Malignant mesothelioma with prominent adenomatoid features: a clinicopathologic and immunohistochemical study of 10 cases

Abstract

The clinicopathologic and immunohistochemical features of 10 cases of pleural malignant mesothelioma with predominantly adenomatoid growth pattern are described to determine the clinical, histologic, and behavioral features of these tumors and to highlight the importance of separating this unusual pattern from the benign adenomatoid tumor. Seventy-seven cases of pleural biopsy and extrapleural pneumonectomy specimens for malignant mesothelioma were examined to identify the specific type of histologic growth pattern exhibited by the tumors. The 10 cases herein described were identified as an unusual histopathologic subset of these tumors. Nine patients were men and one was a woman with an age range of 56 to 82 years (mean, 68.5 years). The main presenting symptoms included cough, dyspnea, and chest pain. The typical features of pleural malignant mesothelioma were noted both radiologically and macroscopically. The tumors were characterized by diffuse pleural thickening with confluent nodular patches of tumor obliterating the pleural space. Histologically, a distinct morphology was observed composed of small tubular spaces lined by epithelioid cells, reminiscent of adenomatoid tumors of the genital tract.

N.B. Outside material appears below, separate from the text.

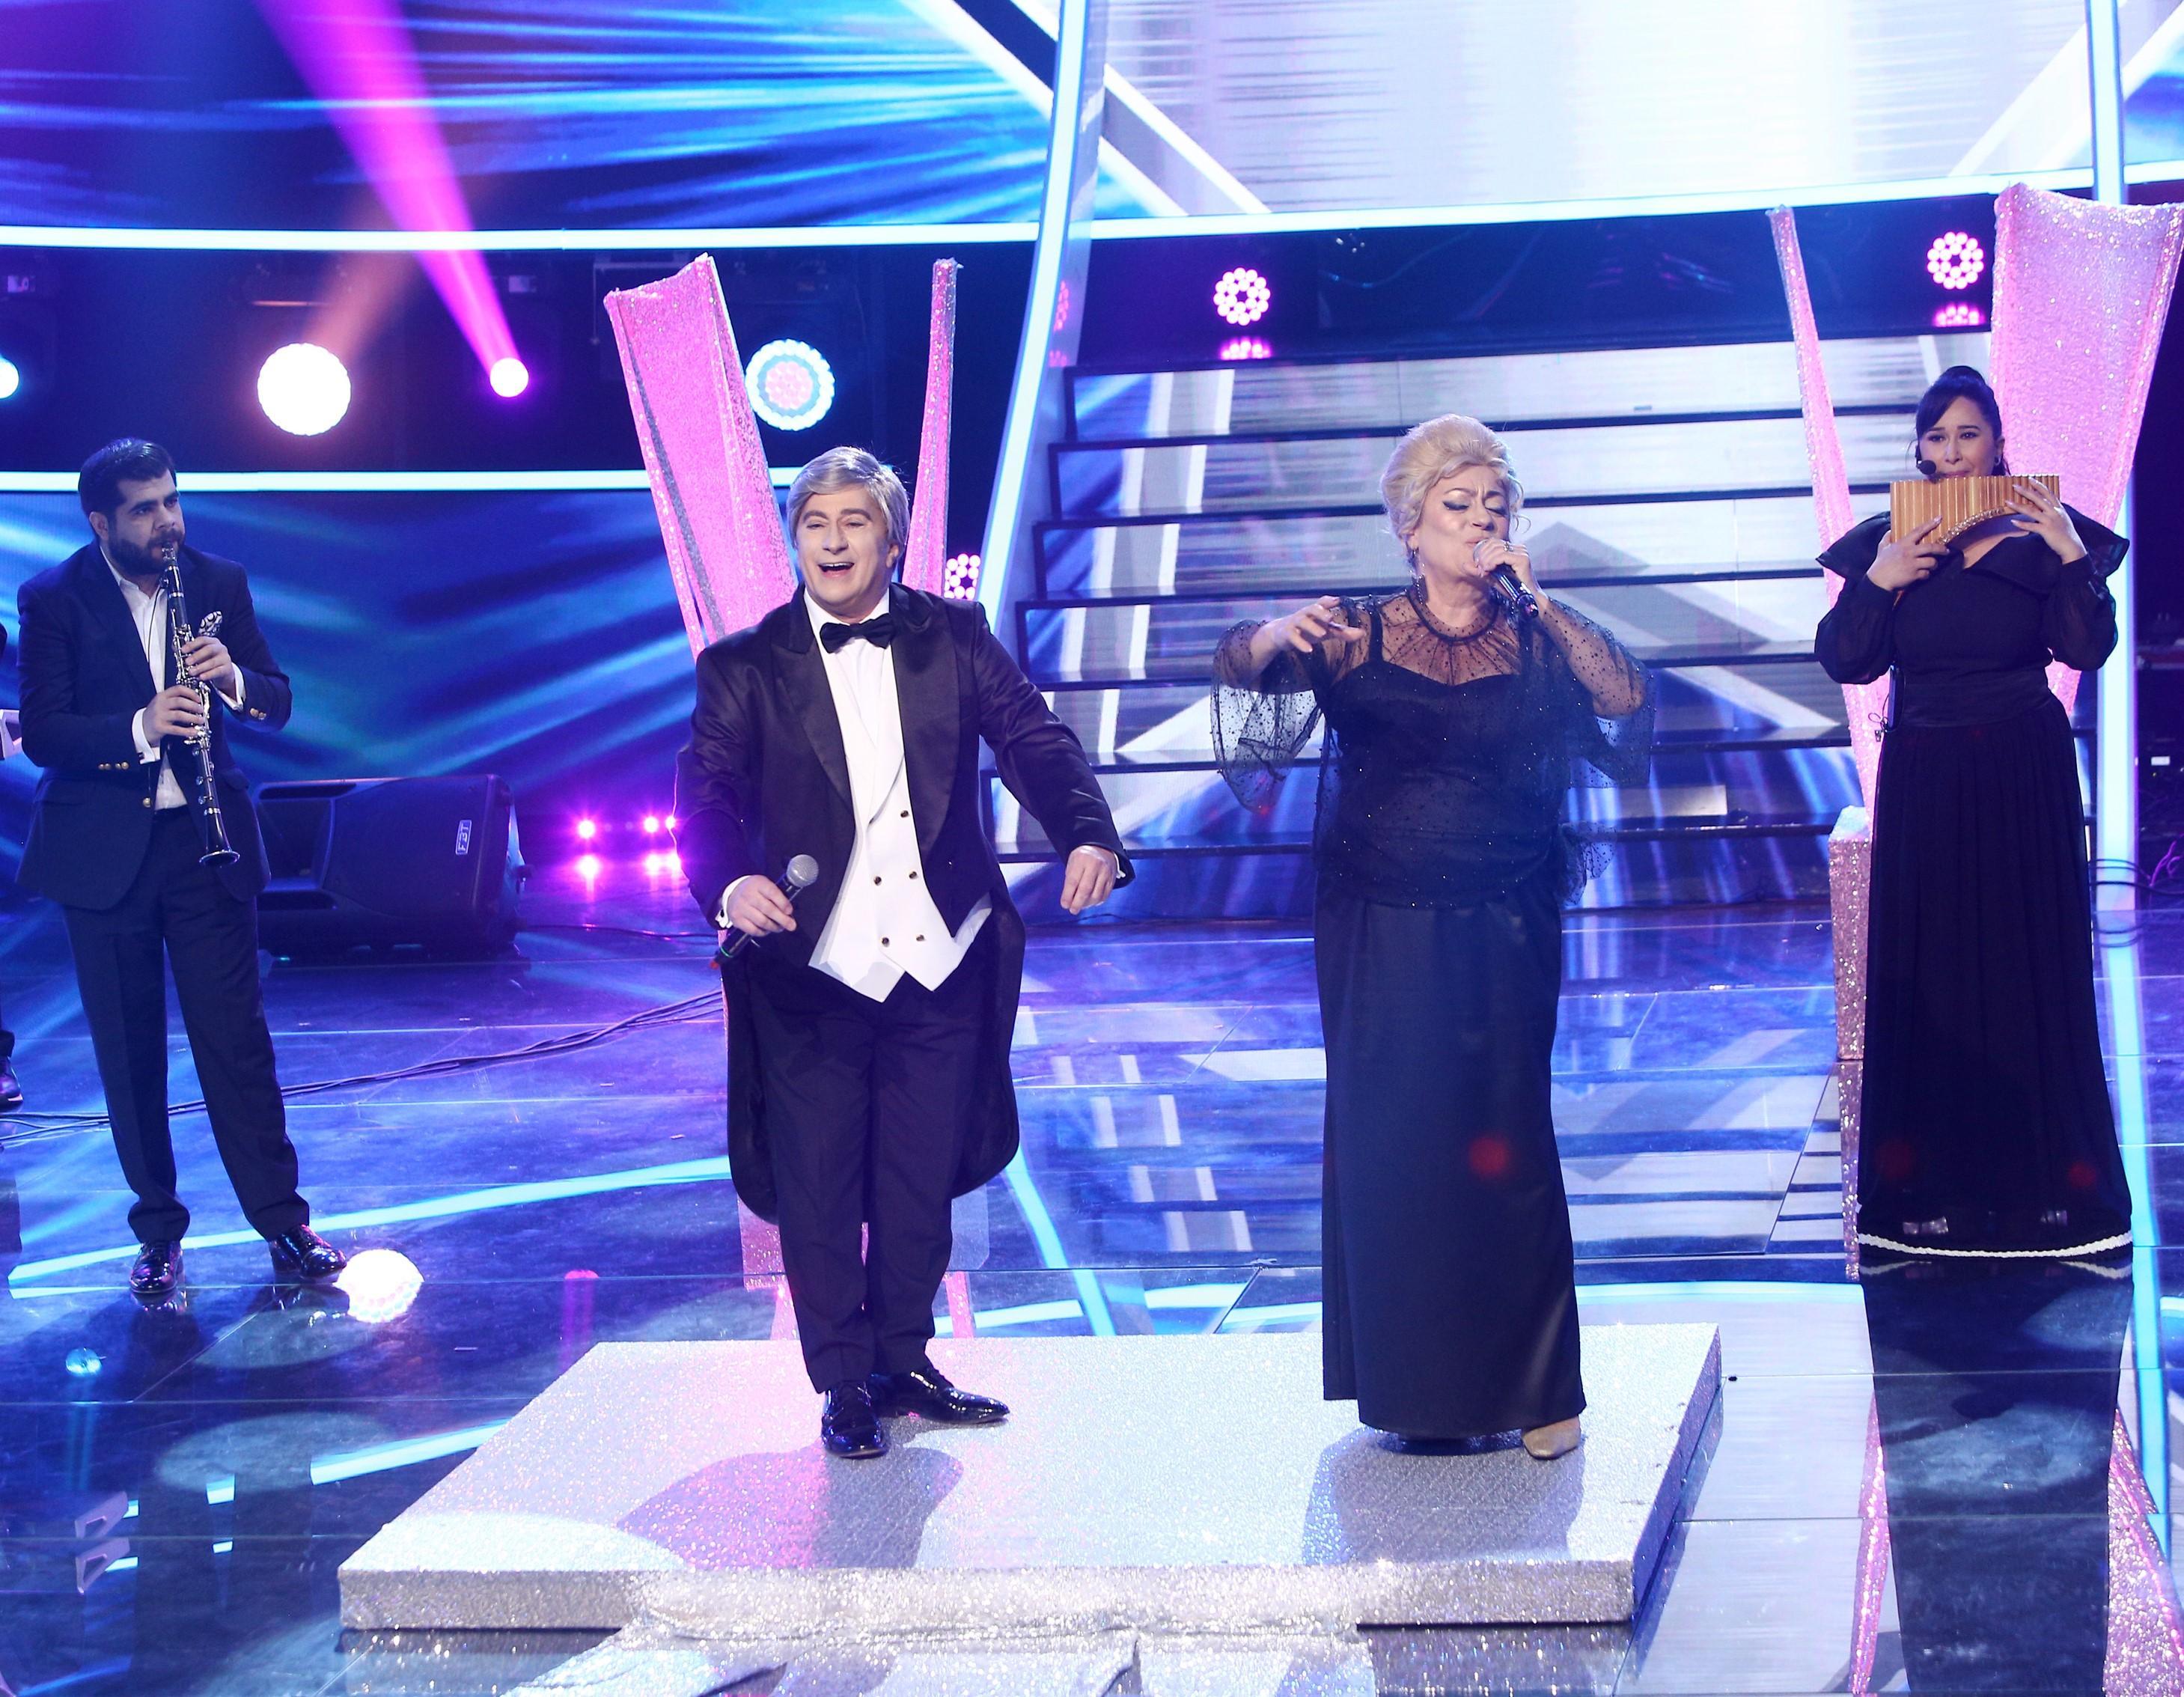 Te cunosc de undeva, 8 mai 2021. Adriana Trandafir și Romică Țociu se transformă în Ileana Sărăroiu și Ştefan Bănică

Immunohistochemical studies confirmed the mesothelial nature of the tumors. Clinical follow-up in 7 of 7 patients demonstrated a mean survival of 10 months from time of diagnosis. Adenomatoid mesothelioma is an unusual variant of epithelioid malignant mesothelioma that histologically may mimic a range of other tumors, including benign adenomatoid tumors and metastases of adenocarcinoma to the pleura. The clinical presentation, infiltrative growth, distinct histologic features, cytologic atypia and immunohistochemical profile all serve to differentiate adenomatoid malignant mesothelioma from other infiltrative processes involving the pleura.